We use boost::filesystem to handle file system operations like creating directories since it provides a consistent interface across different platforms. This also allows us to avoid dealing with platform-specific file system APIs. The std::filesystem implementation in different compilers is not consistent. Some may require additional linker flags (-lstdc++fs for GCC prior or equal to 9.1; -lc++fs for Clang prior or equal to 9.0; -lc++experimental for Clang prior or equal to 7.0). There are also various reports in how those implementations deal with the terminating / when invoking std::filesystem::creare_directories(). So for the sake of simplicity, we use boost::filesystem instead.

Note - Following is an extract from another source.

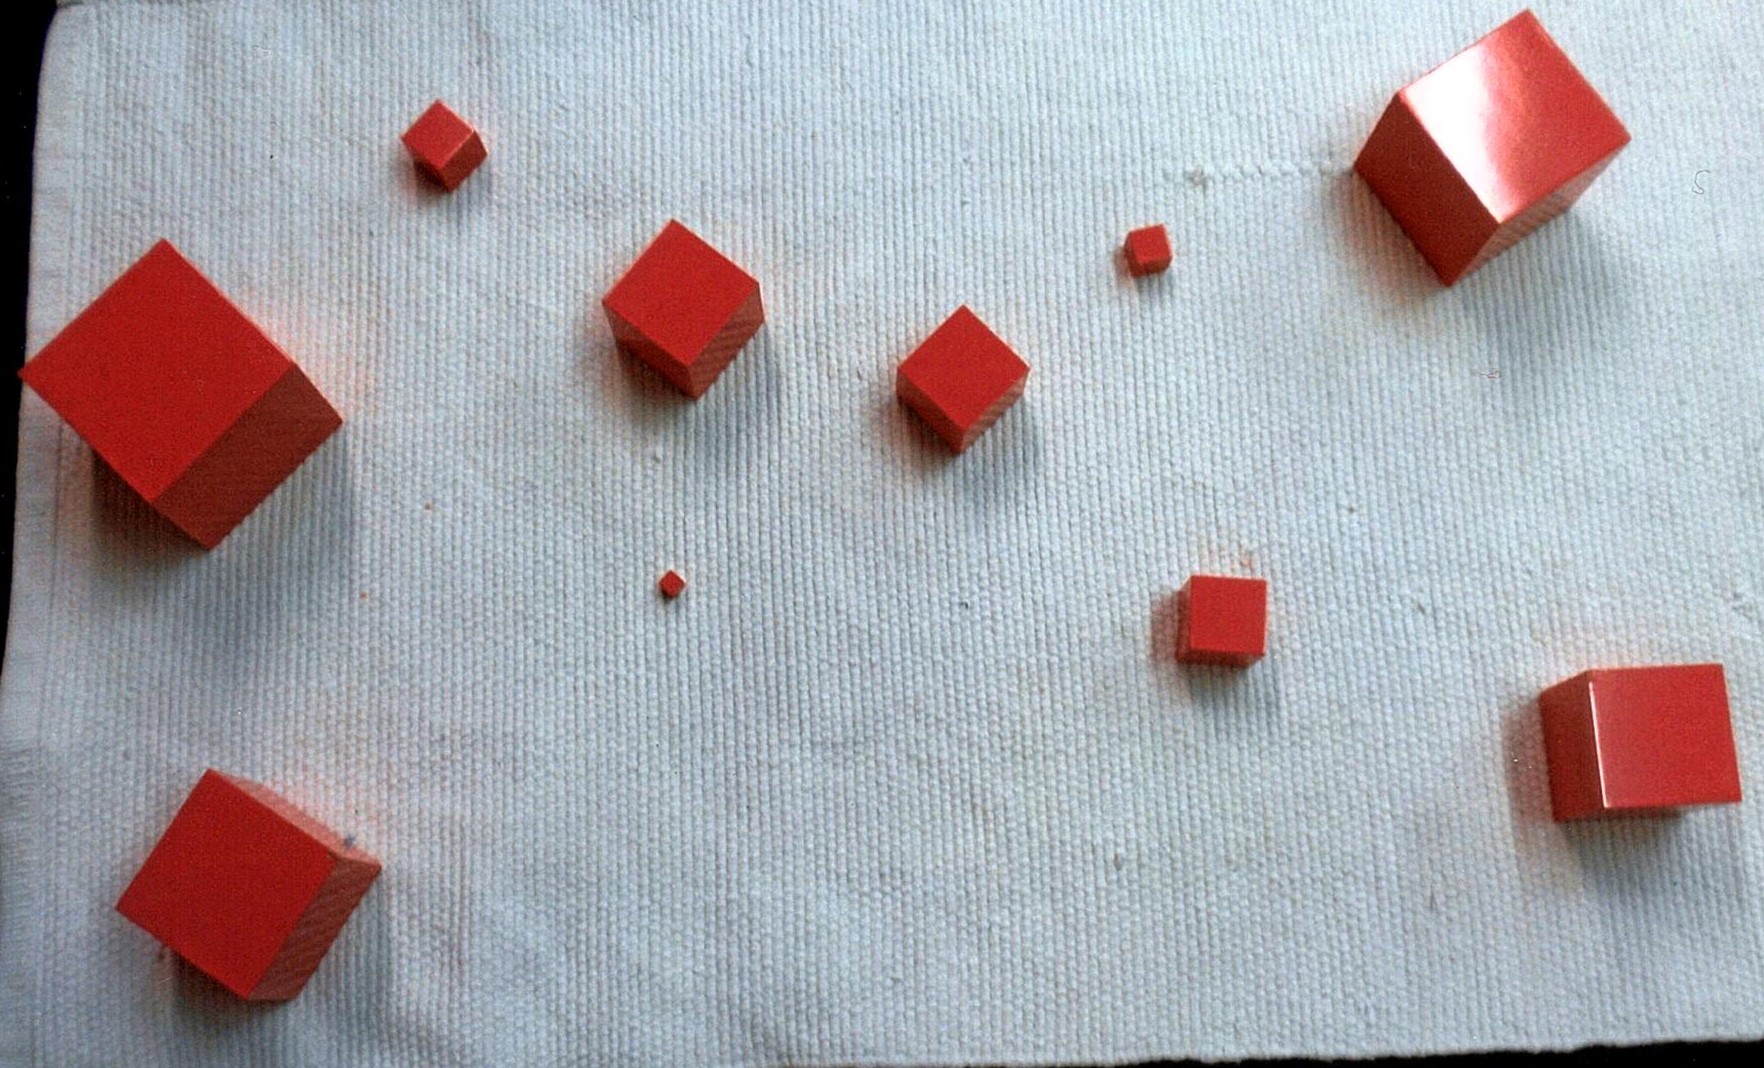 random grouping of cubes

See this note in cppreference, this StackOverflow question and this AskUbuntu question.

Thread Pool Implementation

Intel TBB is an excellent library that supports diverse parallel programming models and data structures. However, this library loads into the memory in run-time, which would consume a lot of time in short-running applications. This also makes the project incapable of being distributed in a fully static form (See Design.md).